**Aim of the task**
Copy, word for word, the lines of the listing below from the line with "Also, if you" up to and including the line with "3. New Nail Design Ideas - wide 3". Drop the pictures.

**Records to process**
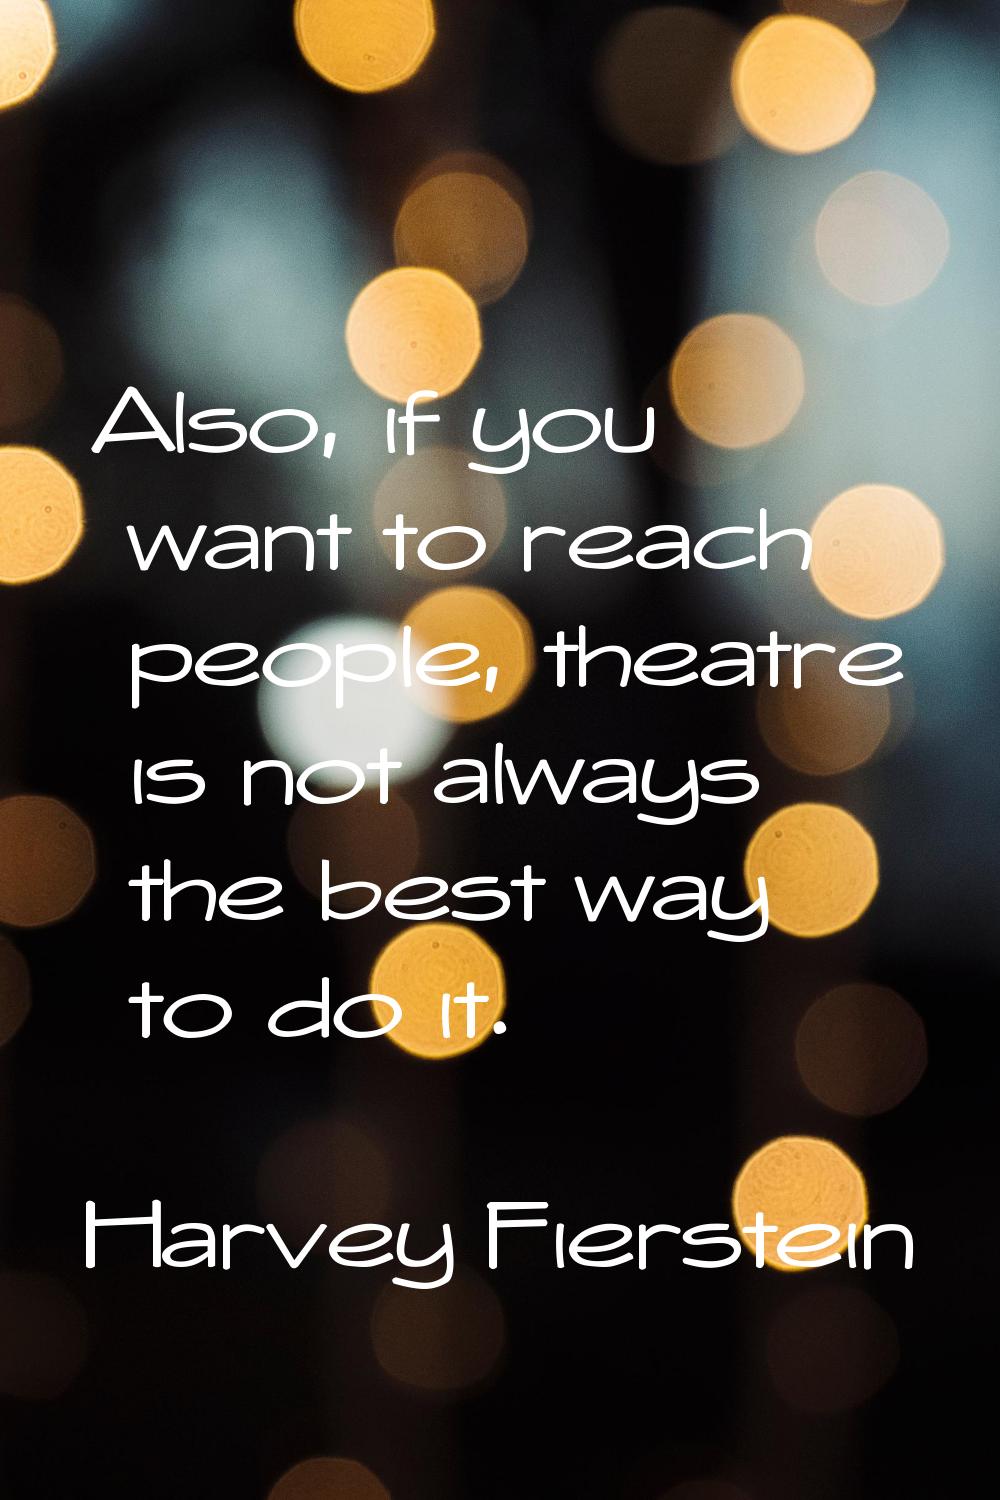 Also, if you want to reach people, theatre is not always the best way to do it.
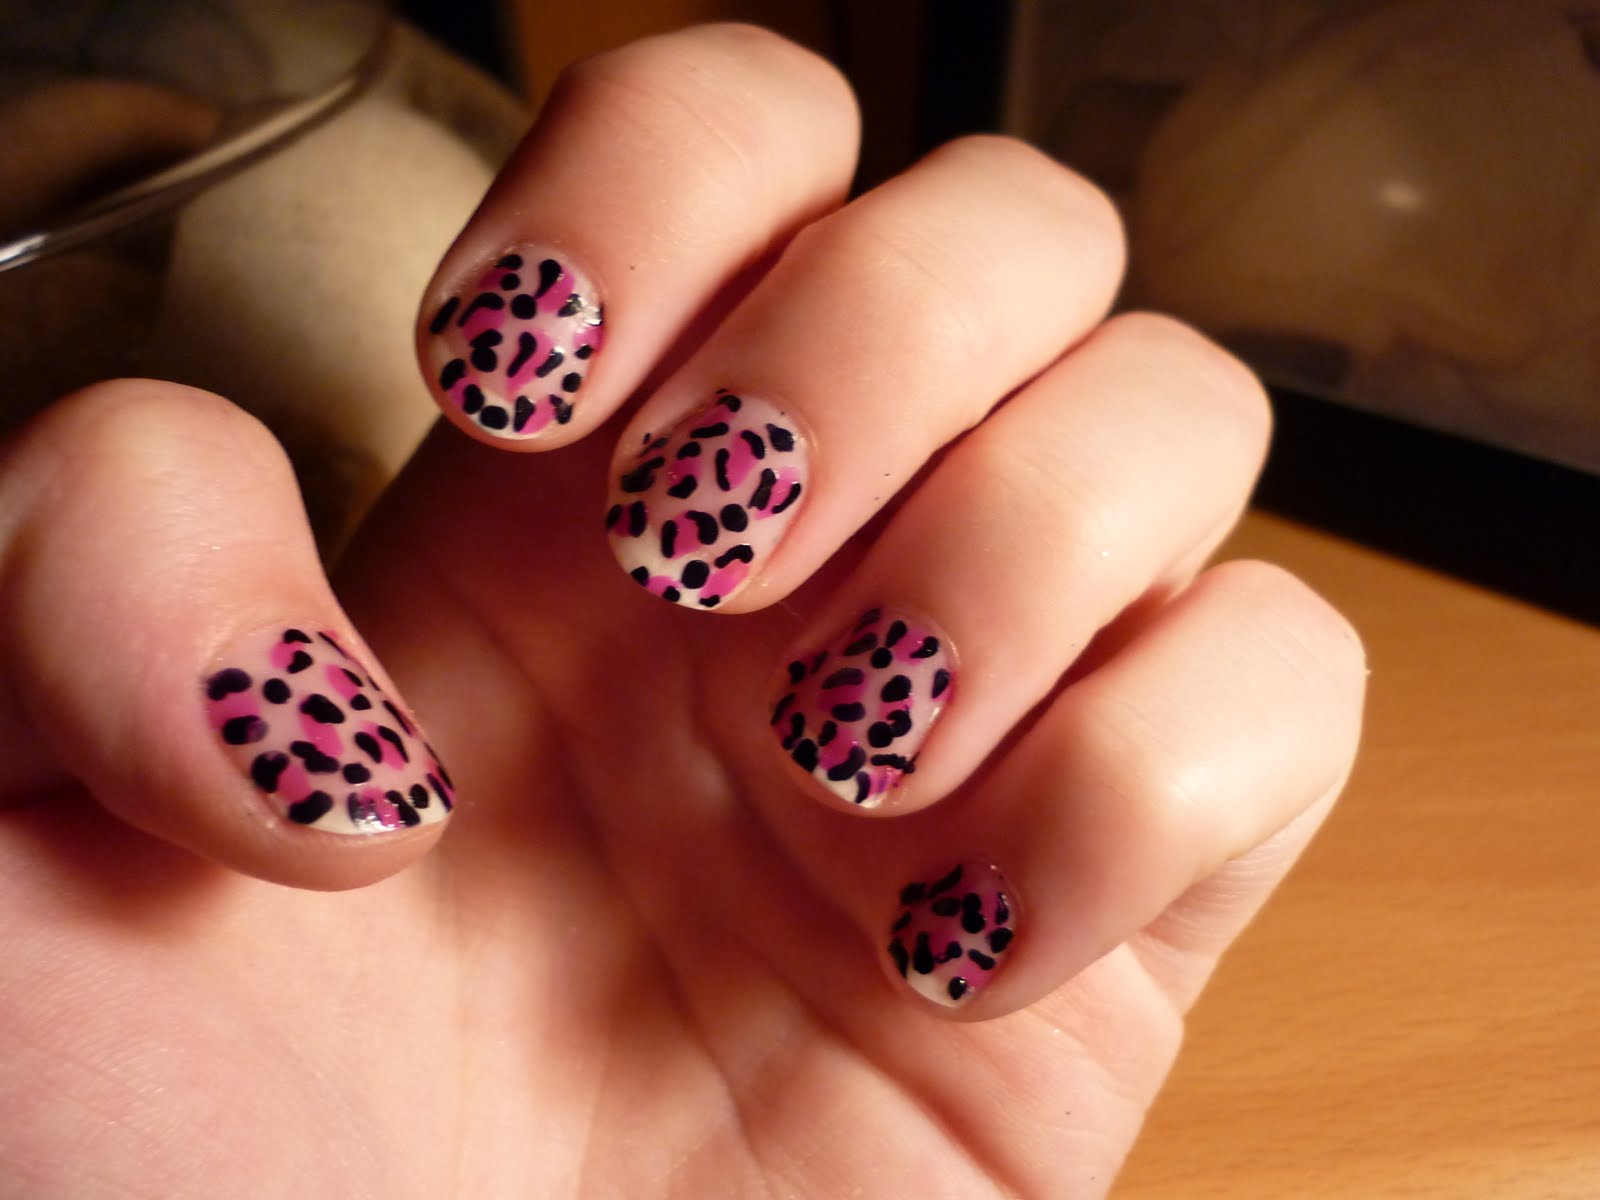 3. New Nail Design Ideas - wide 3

* * *

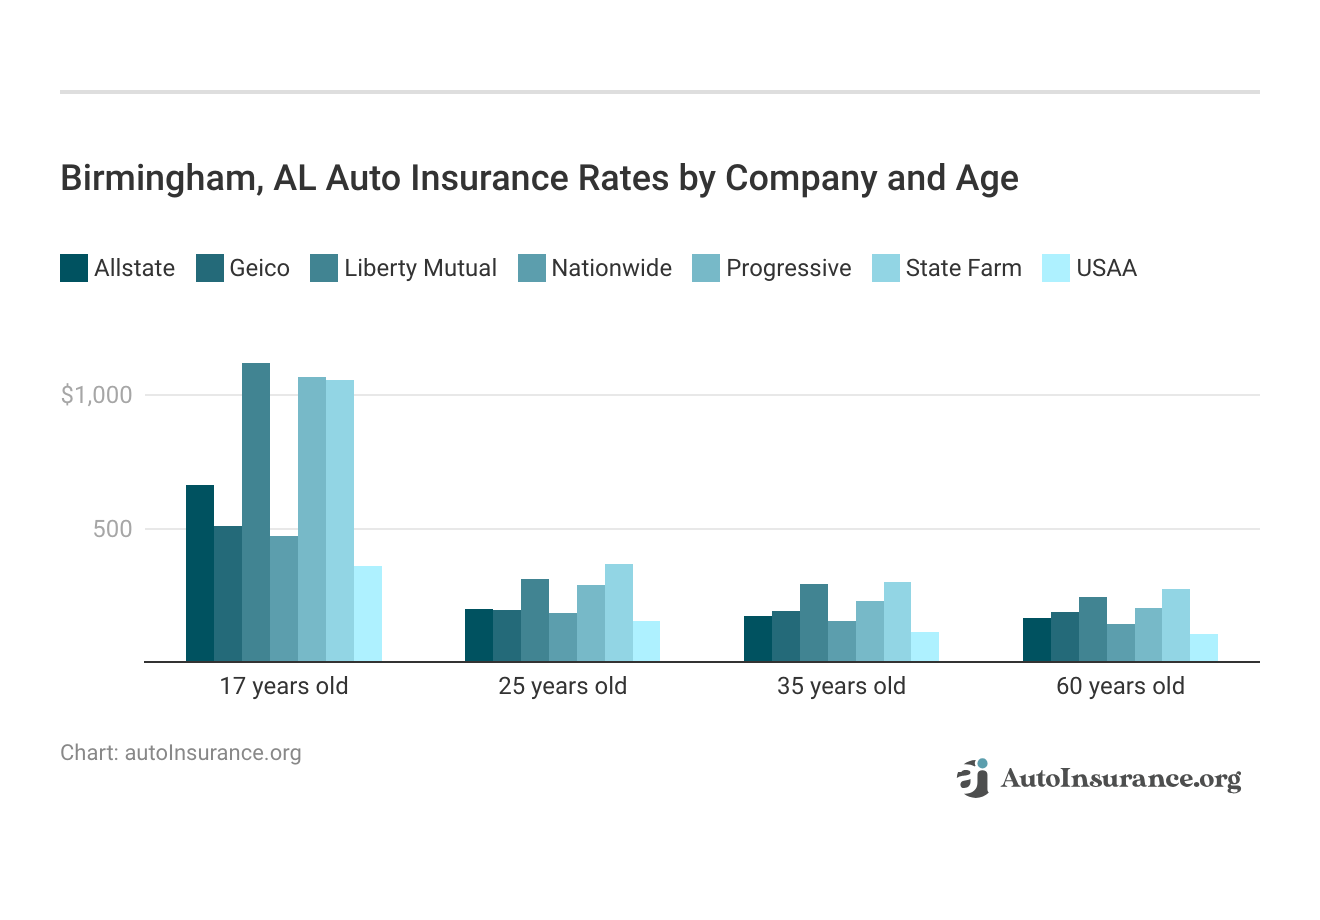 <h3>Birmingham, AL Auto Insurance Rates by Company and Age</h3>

* * *

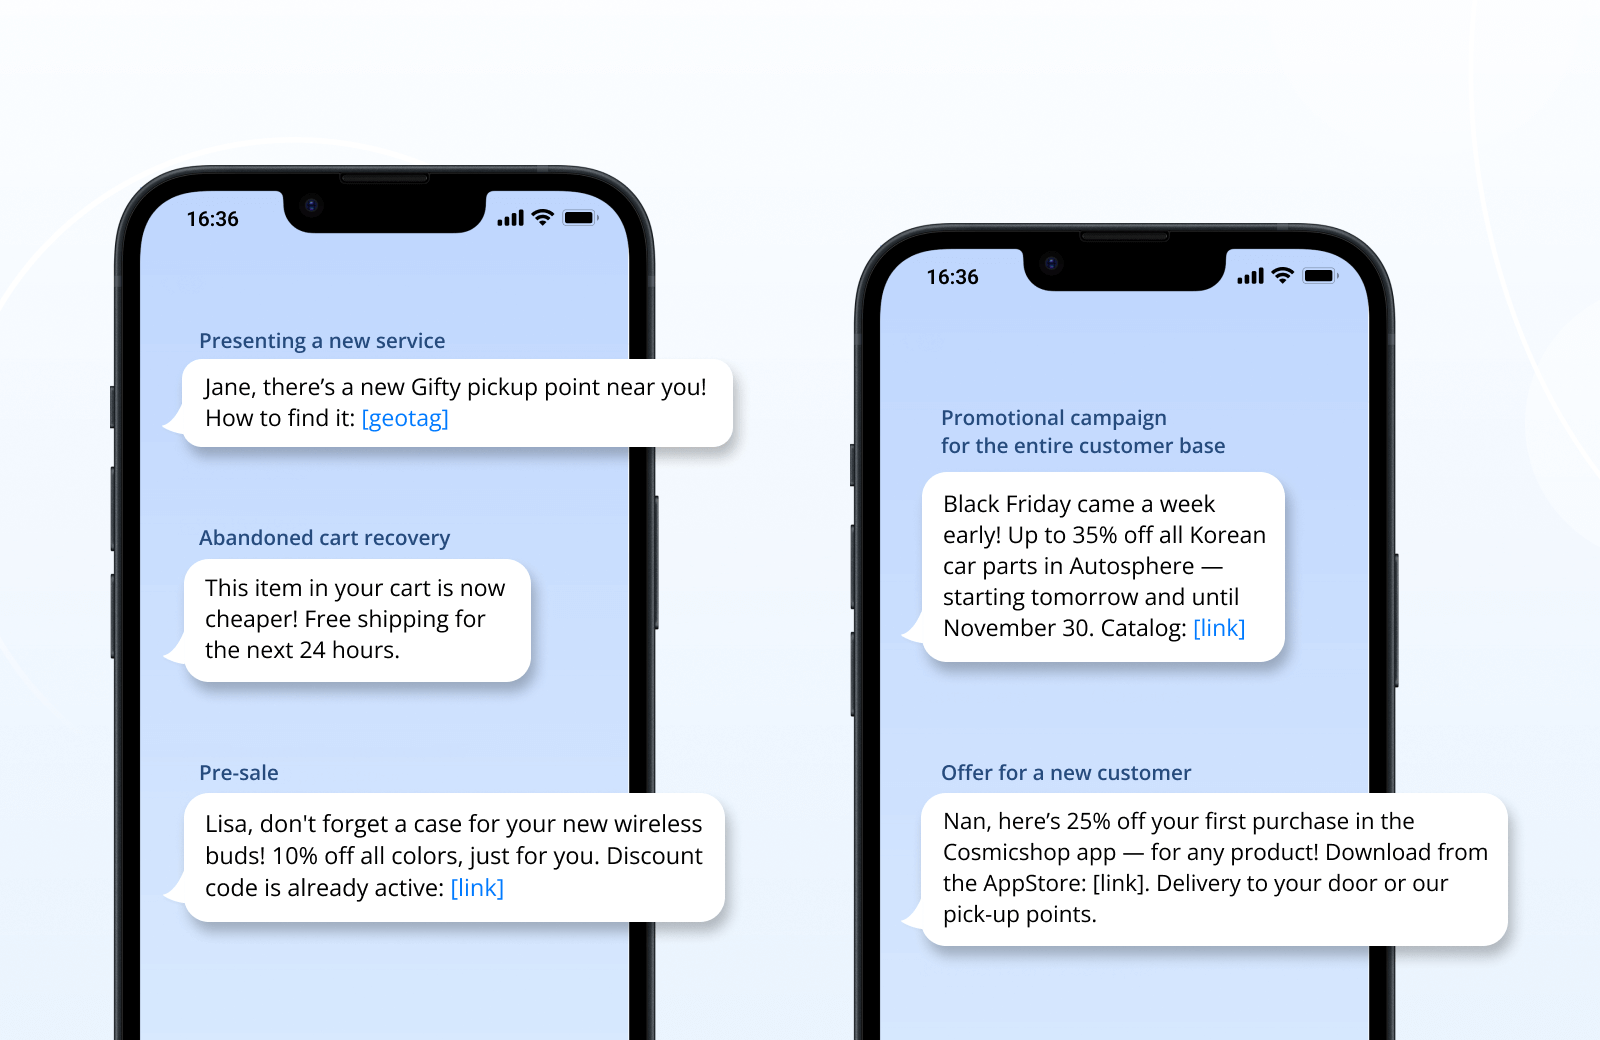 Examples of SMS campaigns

**Response area**
 Also, if you want to reach people, theatre is not always the best way to do it.
 3. New Nail Design Ideas - wide 3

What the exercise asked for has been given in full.